Directions: Excluding pictures, retype the line with "Virginia Cooperative Extension" and each line that follows it to the end of the data below, word for word.

Items from a dataset:
»»

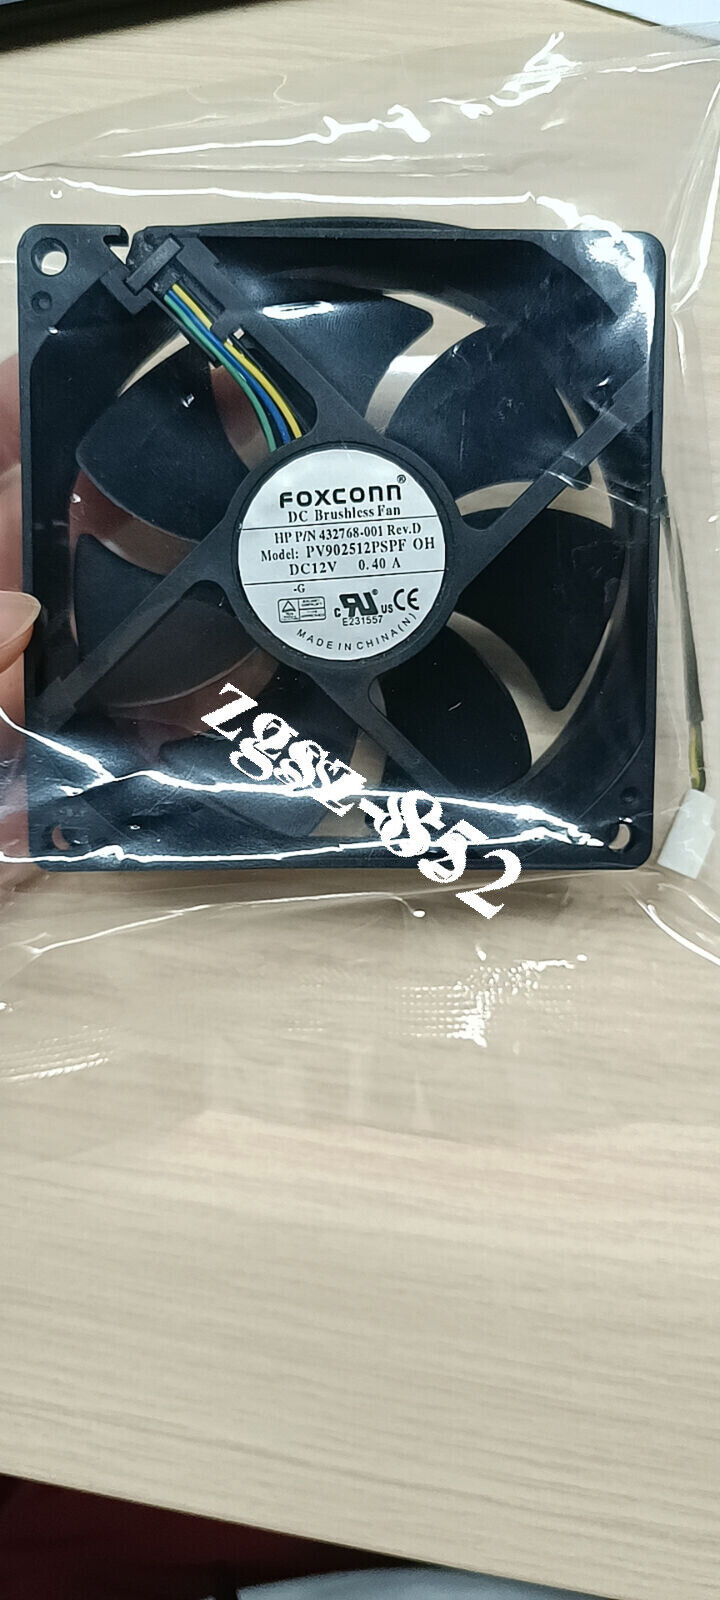 FOXCONN PV902512PSPF 0H 9025 12V 0.40A 4-pin fan server inverter cooling fan
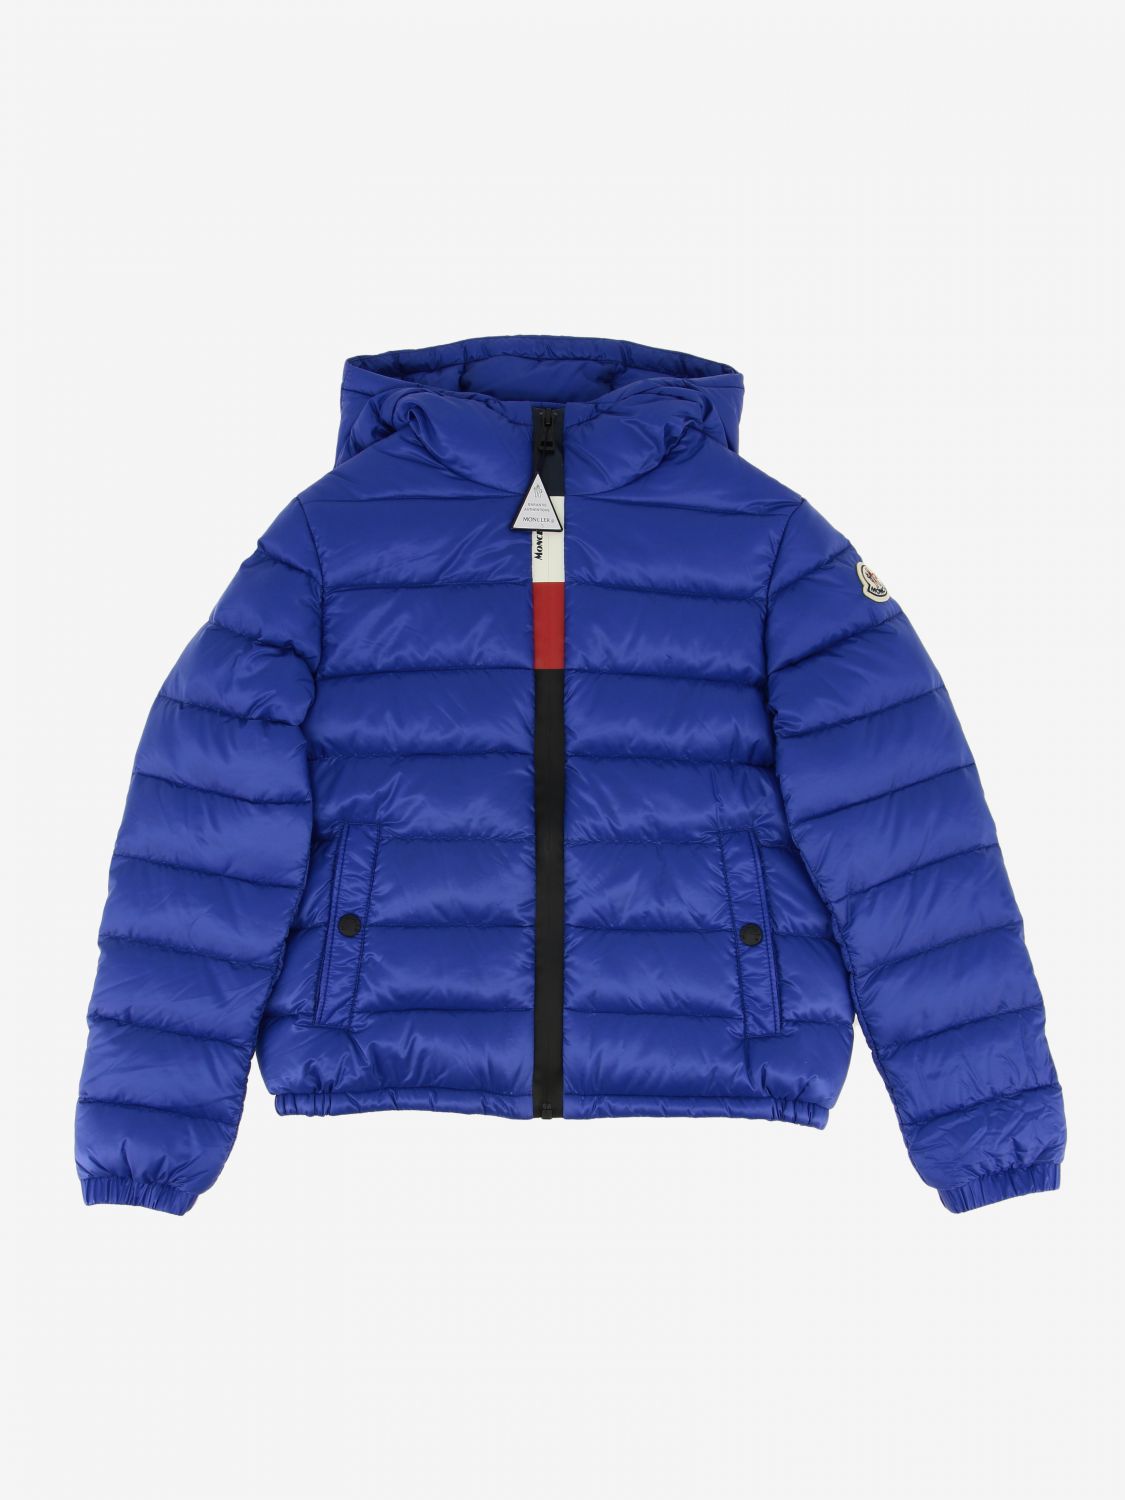 MONCLER: Rook duvet with hood and logo - Blue | Moncler jacket ...
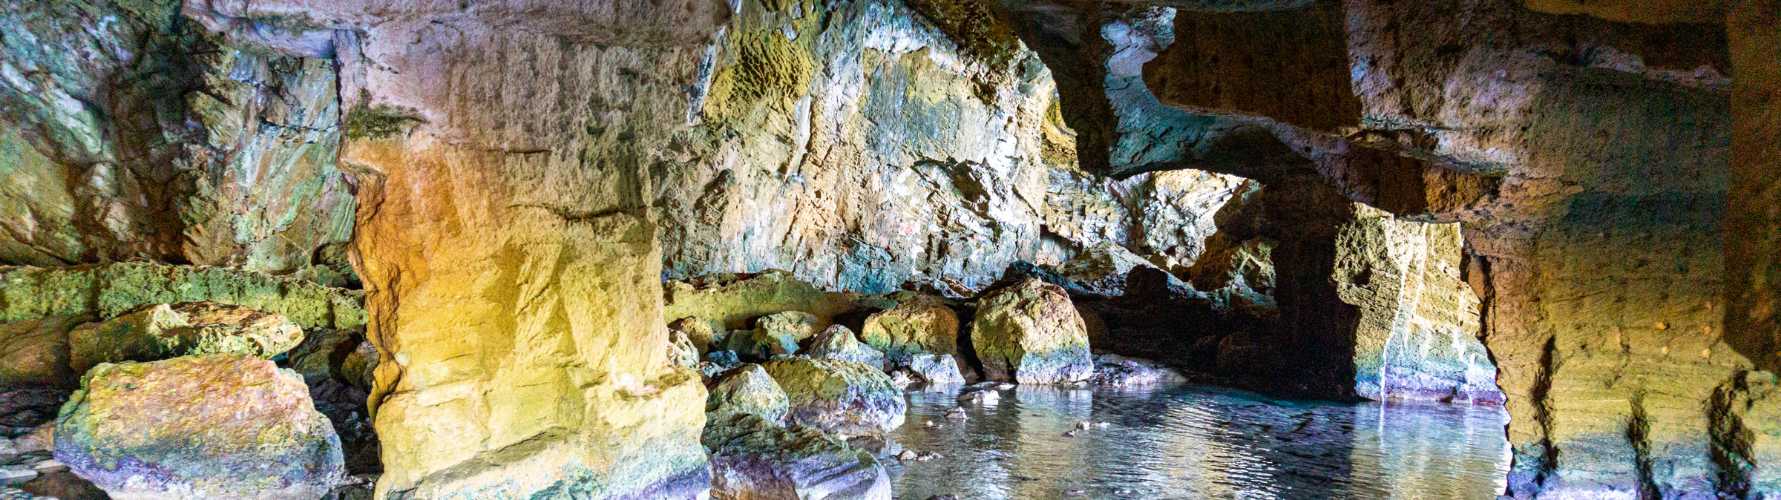 caves region of valencia
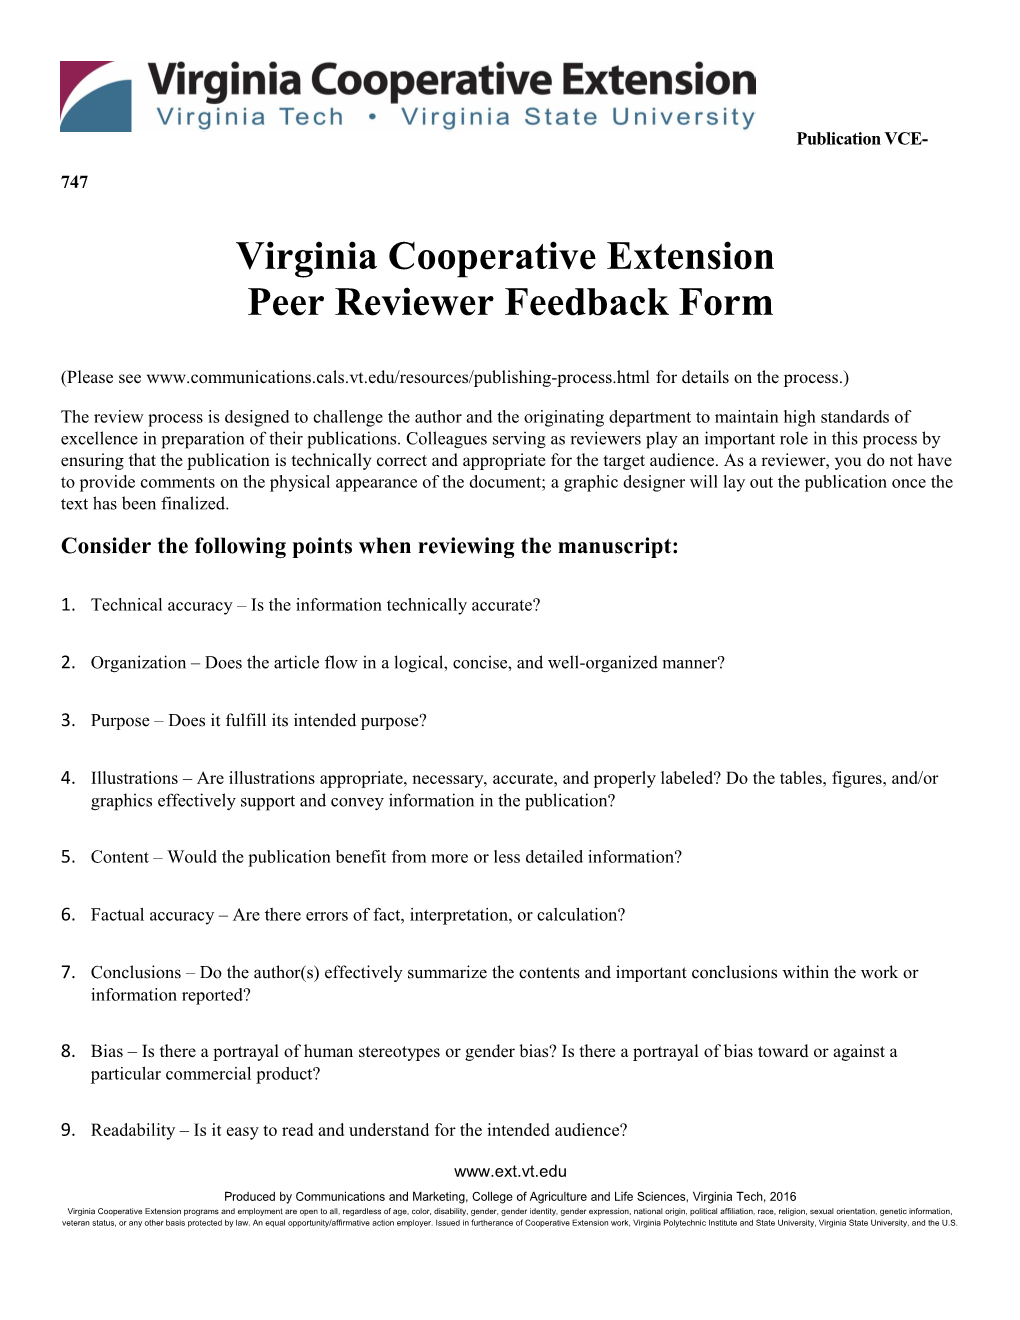 Virginia Cooperative Extension Peer Reviewer Feedback Form
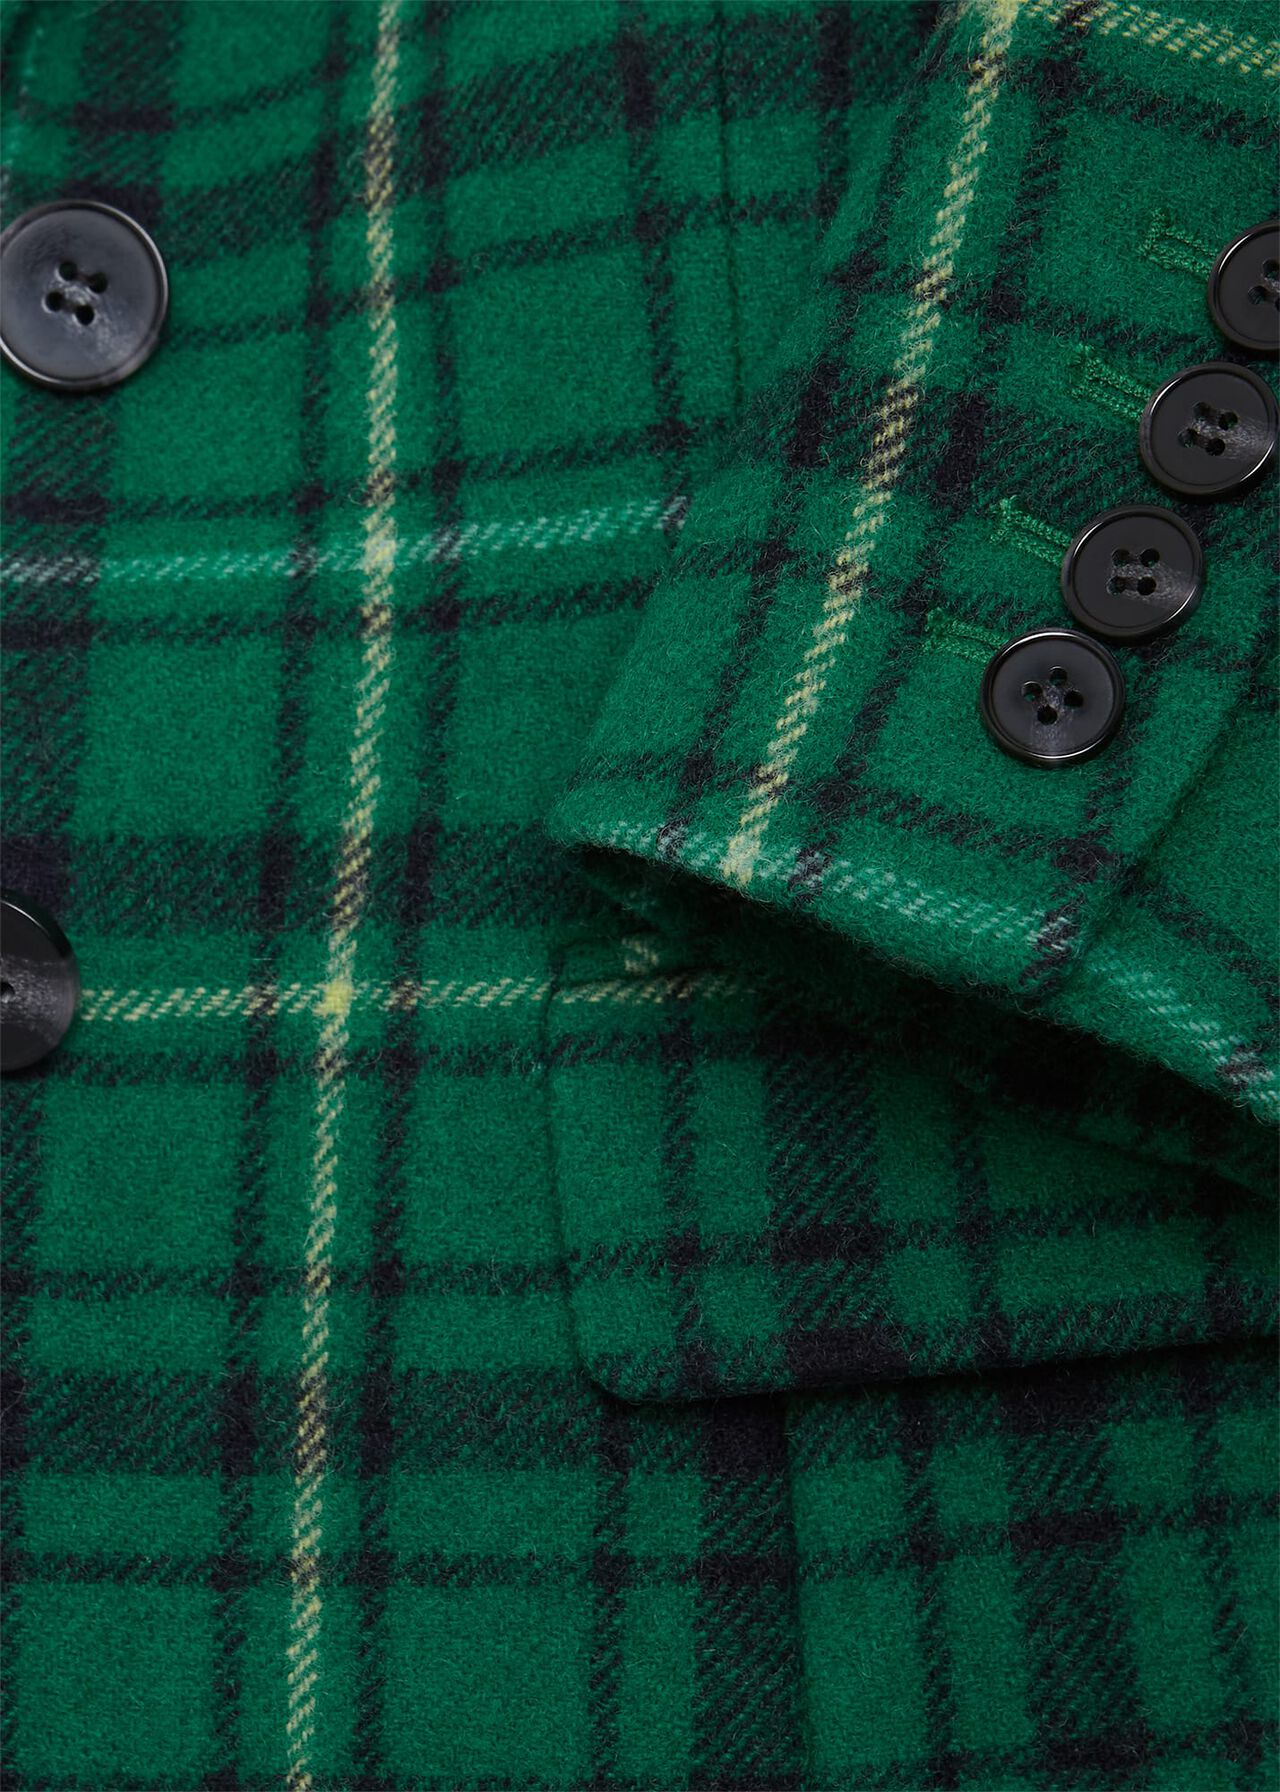 Hackness Wool Jacket, Green Multi, hi-res

««

Result of this task:
 Virginia Cooperative Extension Peer Reviewer Feedback Form
 Hackness Wool Jacket, Green Multi, hi-res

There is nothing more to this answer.